A conventional approach to provide illumination involves the use of ambient lighting. Overhead lights may provide the ambient or room light. Although ambient lighting may provide adequate illumination for the surgeon in certain situations, ambient lighting is not always available as an illumination option such as in the military and paramedic (emergency) environments. Additionally, certain diagnostic procedures (e.g., radiology) preclude the use of ambient lighting because these procedures (e.g., fluoroscopy) are performed in a dark room or in lowered ambient lighting. Such procedures are hindered by direct lighting.

Another approach to providing illumination involves the use of additional attendants to direct a light source at the surgical field as the medical practitioner performs the procedure. The use of additional attendants to hold the light frees the medic's hands and provides adequate illumination.

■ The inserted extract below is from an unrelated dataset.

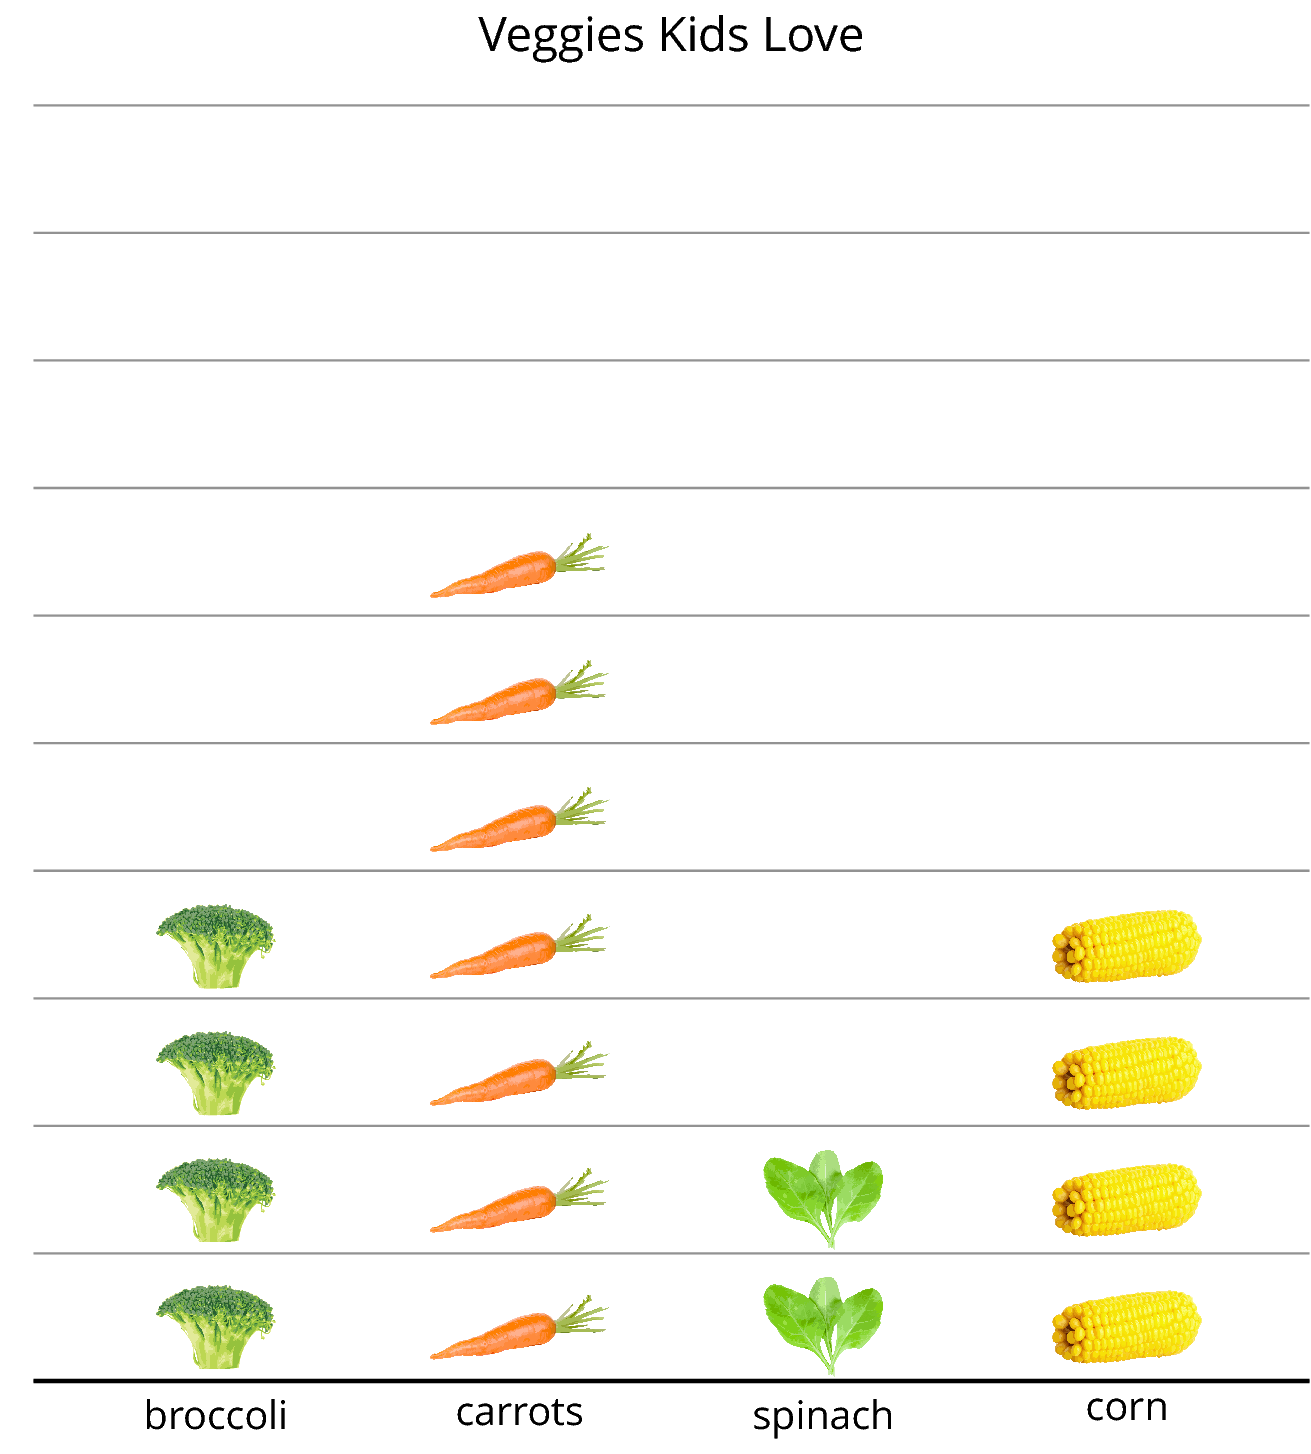 Picture Graph.  Veggies Kids Love. Key; each vegetable picture represents one kid response. Broccoli, 4 broccoli pictures. Carrot, 7 carrot pictures. Spinach, 2 spinach pictures. Corn, 4 corn pictures.

However, a shortcoming of this technique is that additional attendants may not always be available and, even if the attendants are available, their presence increases the cost of the procedure.

Internally lighted devices provide solutions to some of the above identified problems. Internally lighted devices also lessen improper direction or reflection of certain light sources such as overhead lamps. Medical and dental appliances have previously been lighted primarily by fiberoptic illuminators that project light through an attached cable containing glass or plastic fibers; the cable is typically connected to a surgical instrument or headlight device that projects light onto the area of interest.

Although use of fiber optics in medical appliances has reduced some of the above mentioned problems, fiber optically illuminated medical devices still require an external power or light source. Fiber optically illuminated medical devices are thus not conveniently functional in many situations such as emergency or military scenarios.

Proper placement of medical devices during a procedure can be critical. For example, proper endotracheal-device placement is critical in patients requiring assured airway access for breathing, anaesthetic, or resuscitative purposes. During intubation, a clear airway is critical because the airway can become obstructed by foreign bodies, fluid, or tissues (such as the patients tongue or regions of swelling). Lighting during intubation procedures is often inadequate and airway obstructions may compromise visualization of the proper anatomical pathways.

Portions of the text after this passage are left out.